_Data_
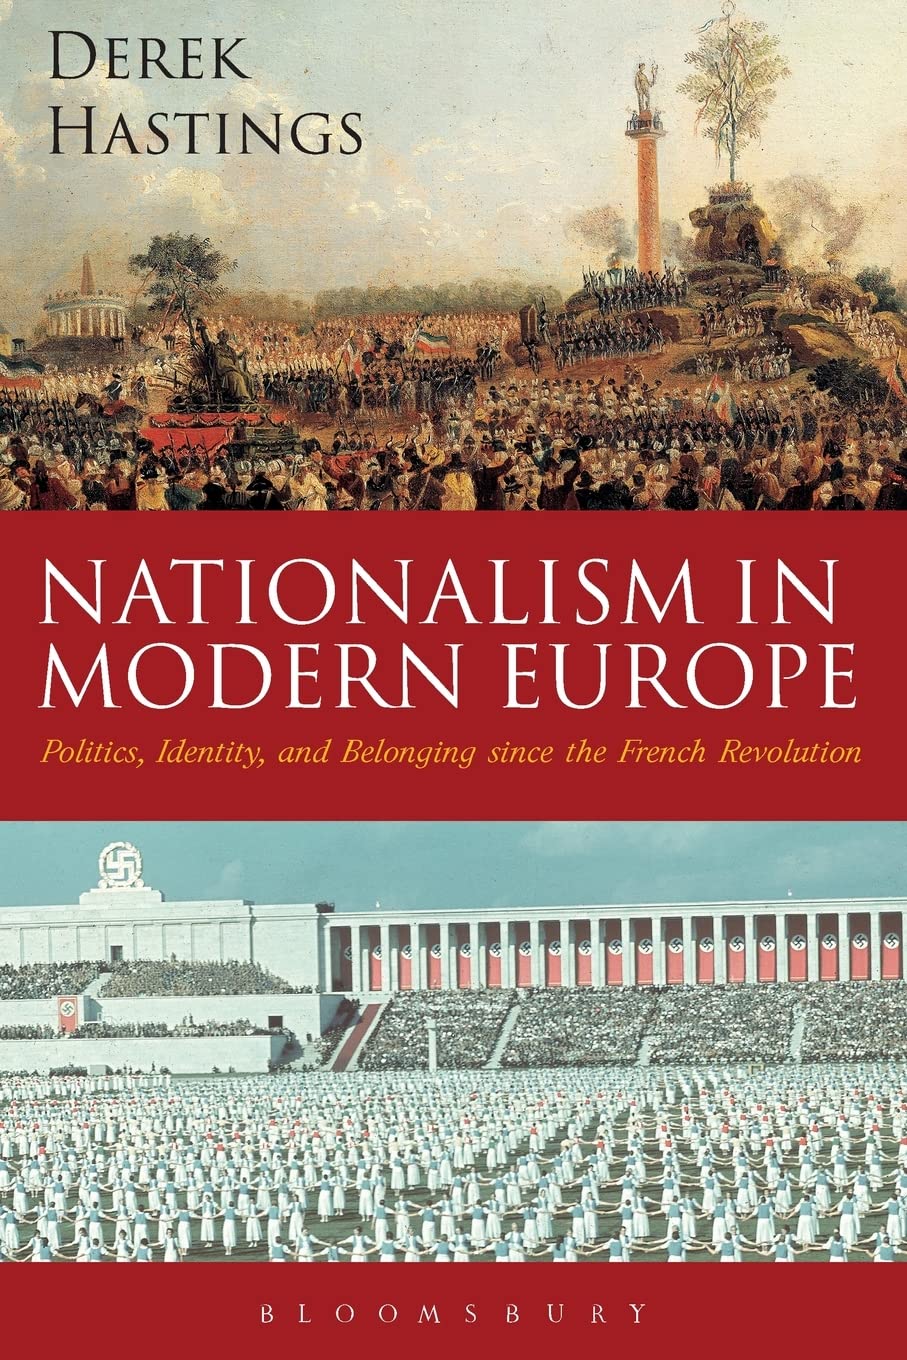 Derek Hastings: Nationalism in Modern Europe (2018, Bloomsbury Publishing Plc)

==

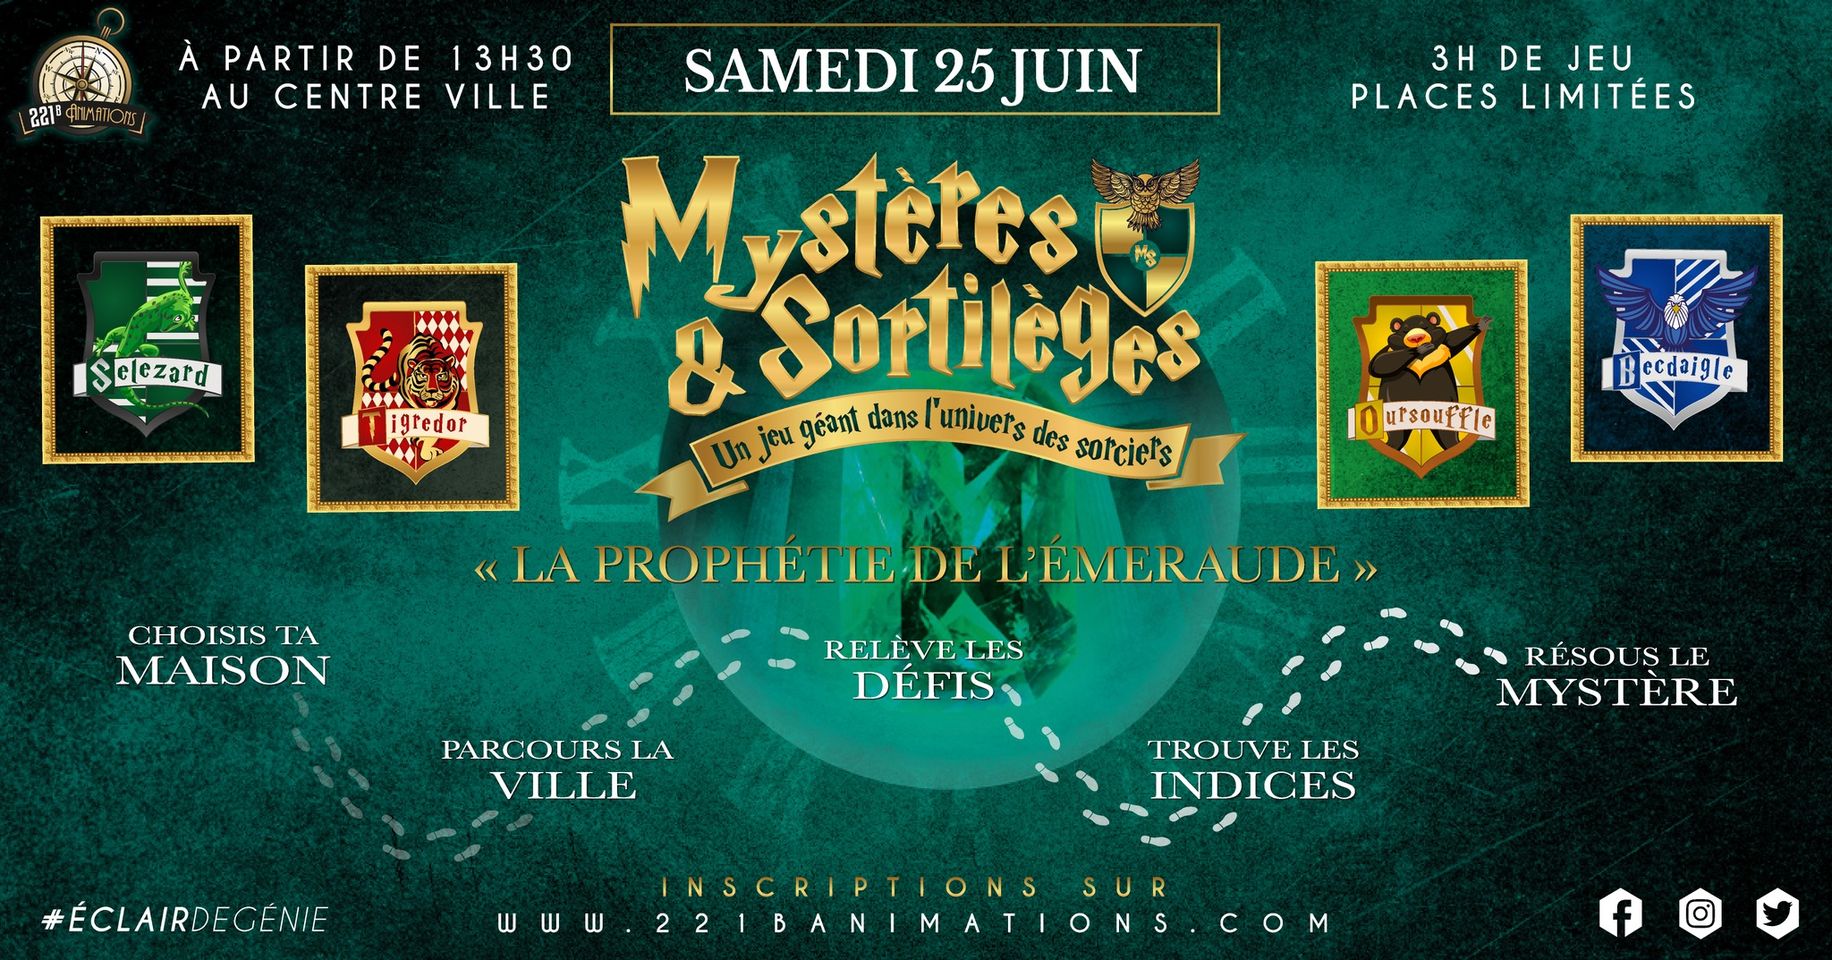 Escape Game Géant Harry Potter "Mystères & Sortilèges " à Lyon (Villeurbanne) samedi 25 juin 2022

--

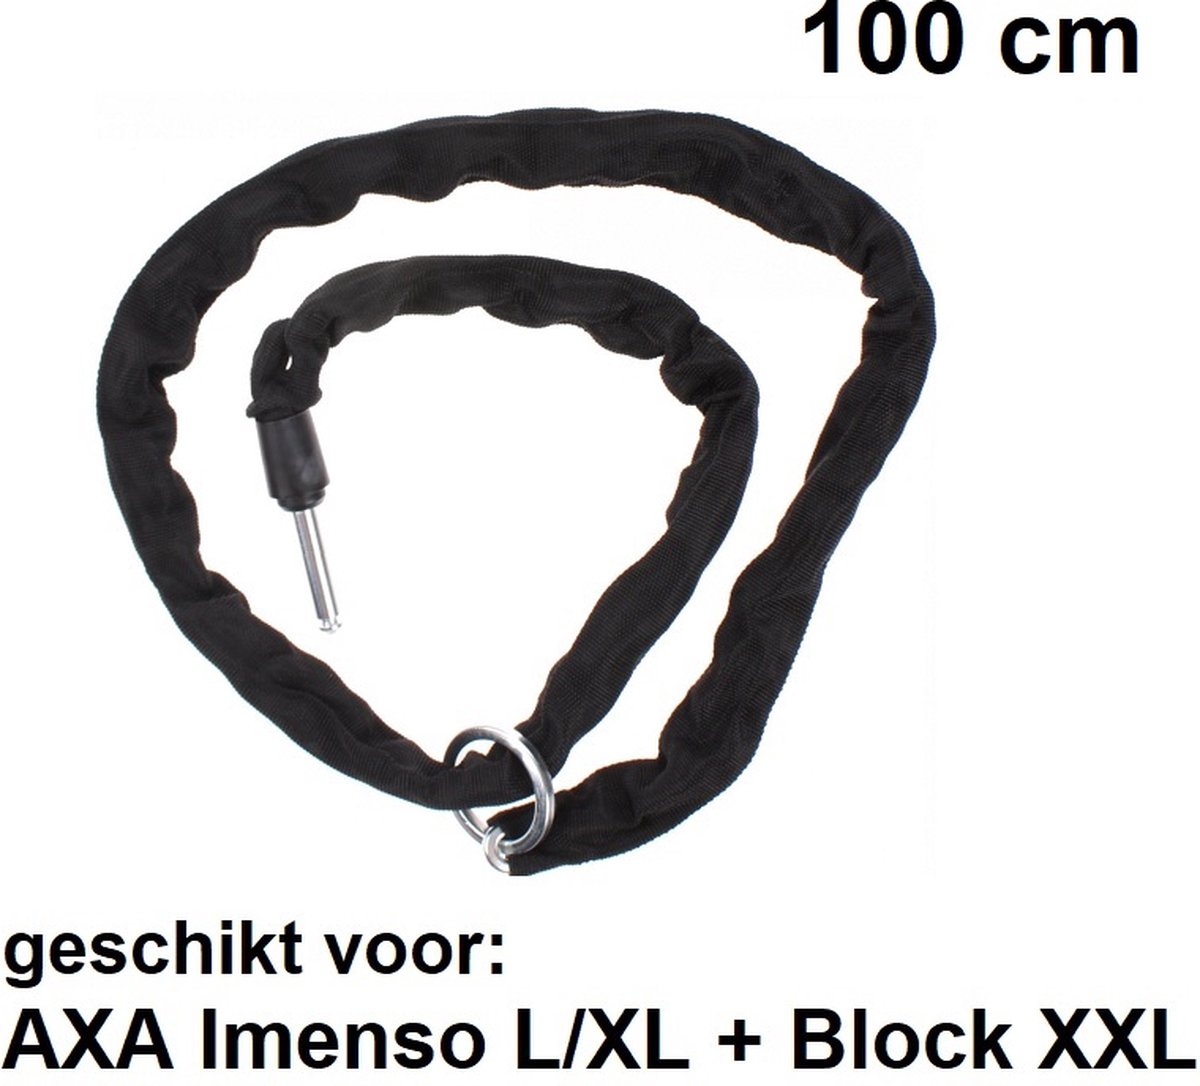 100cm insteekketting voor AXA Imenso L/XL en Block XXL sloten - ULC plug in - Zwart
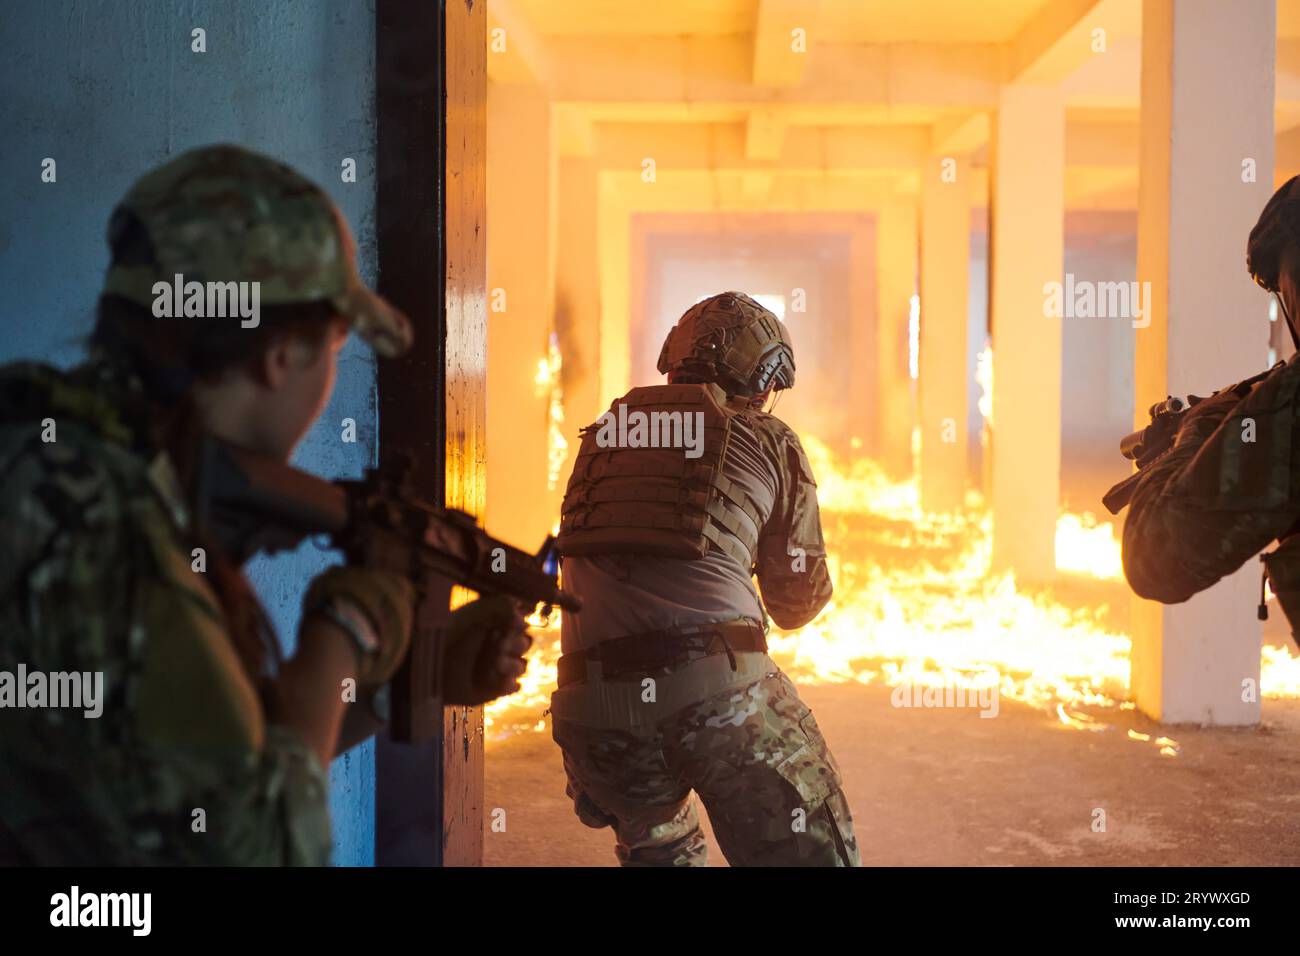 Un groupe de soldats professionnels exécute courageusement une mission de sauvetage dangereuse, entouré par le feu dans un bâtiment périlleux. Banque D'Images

_Problem to work on_
Copy needed, without pictures: the lines of the listing above from the line containing "100cm insteekketting voor" up to and including the line containing "Un groupe de", set down exactly.

_Answer section_
 100cm insteekketting voor AXA Imenso L/XL en Block XXL sloten - ULC plug in - Zwart
 Un groupe de soldats professionnels exécute courageusement une mission de sauvetage dangereuse, entouré par le feu dans un bâtiment périlleux. Banque D'Images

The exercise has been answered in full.